The fight with Ryn had taken its toll; his Dragon Essence was cut in half, his HP down by a quarter, and his mana nearly drained. He couldn't afford excess.
Huntsman found no weaknesses he could exploit. He would need to create an opening.
Mana Sight was strange. Tormund had no affinities at all.
That, somehow, was worse.
The blades at Tormund's hips drew Dane's attention next. They were mismatched. The one on the right was longer than a bastard sword but just shy of a true greatsword; its proportions were lean and unsettling. The blade on the left looked like a hunting knife that had been stretched into a short sword, thick near the hilt and brutal in its simplicity.
They began to circle.
Dane never took his eyes off Tormund's center of gravity. Hands and feet lied. Swords feinted. But the hips would always tell the truth.
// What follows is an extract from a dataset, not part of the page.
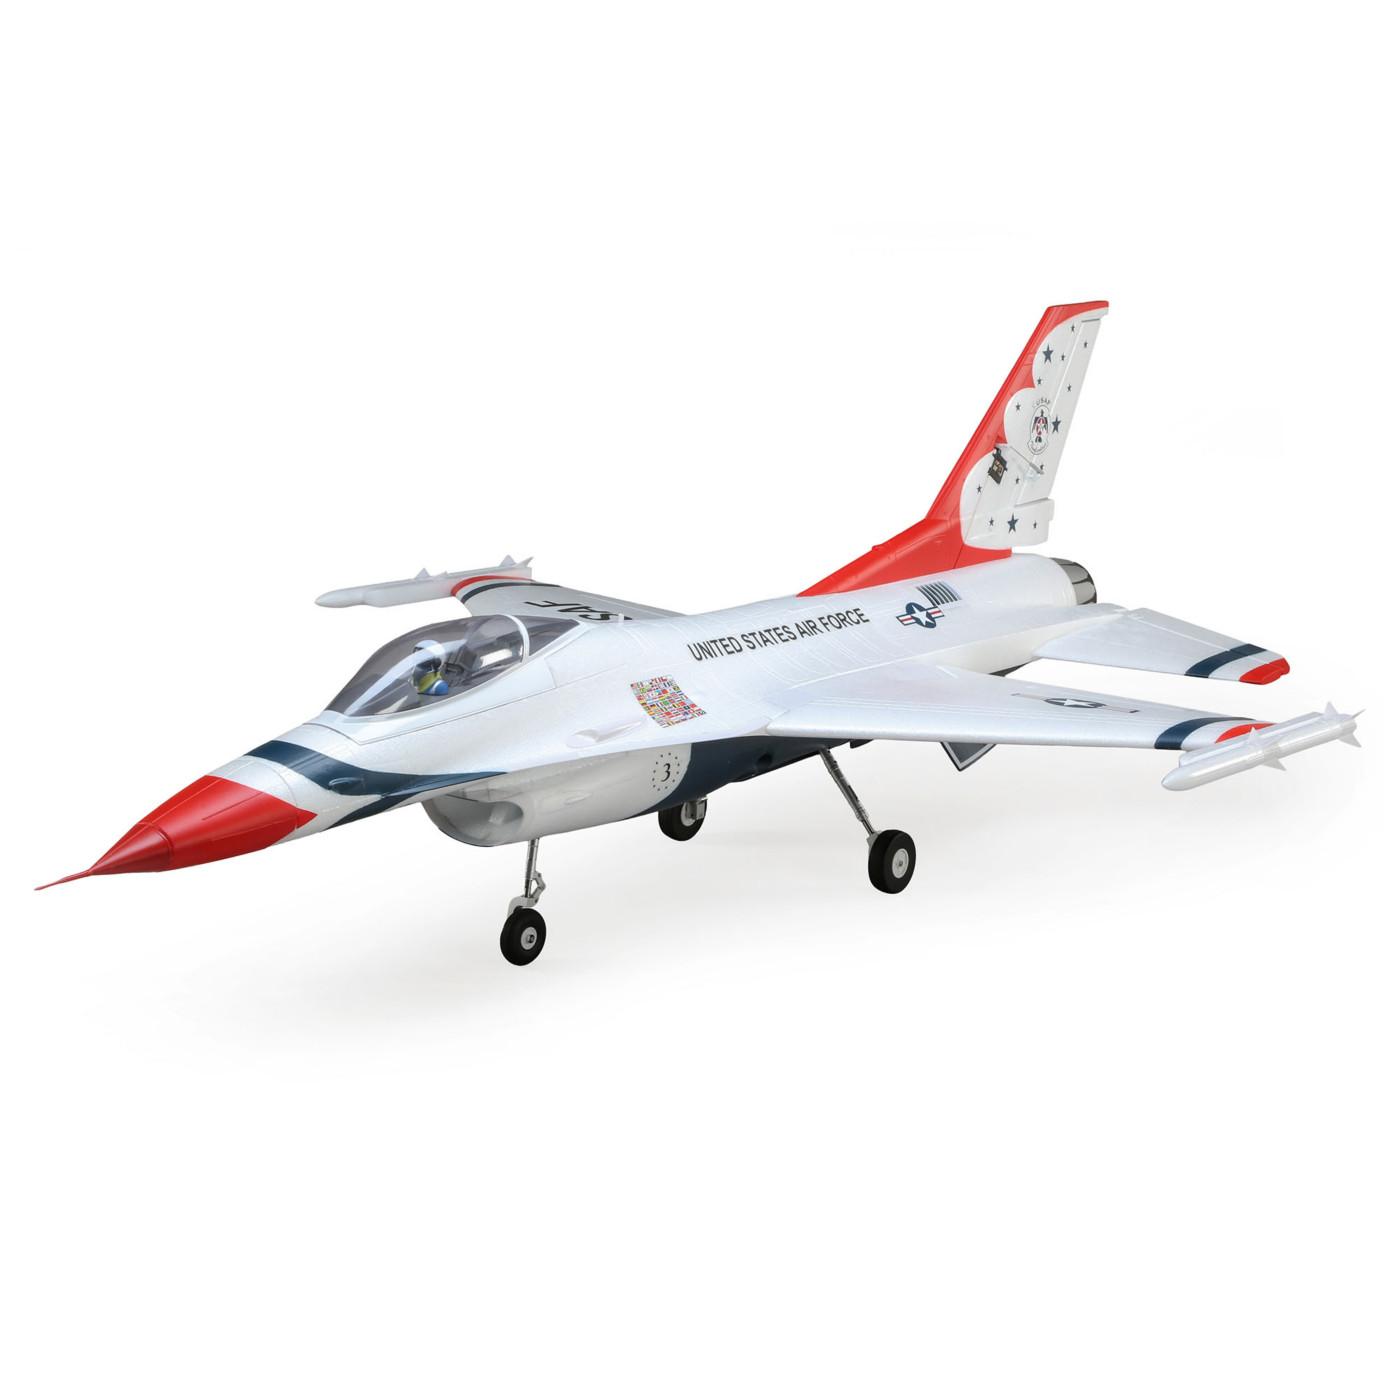 E-flite F-16 Thunderbirds 70mm EDF PNP

They dictated where everything was going.
He was only halfway through assembling a plan when the wind cut his cheek.
It happened so fast that Dane barely registered the draw.
The short sword was already in Tormund's left hand.
Tormund surged forward, his movement strange and deliberate. It looked less like a charge and more like a dance, one whose steps only he knew.
Dane dashed backward, trying to buy space.
Another wind-shear tore past him, catching his side just before his heel hit the sand.
He blinked, teleporting out, but not before the air ripped through half his leg.
Dane tore space open and vanished again.
The world snapped sideways as he reappeared several paces away, boots skidding in the sand as pain flared through his torn leg. He didn't give himself time to breathe. The pickaxe was already coming up, body turning to re-engage... and the air behind him folded again.
A presence passed through the distortion he'd left behind, the spatial tear warping and collapsing as it was used. Dane felt it before he saw it.
Tormund stepped out of the tear a heartbeat later. Close enough that Dane felt breath brush his ear.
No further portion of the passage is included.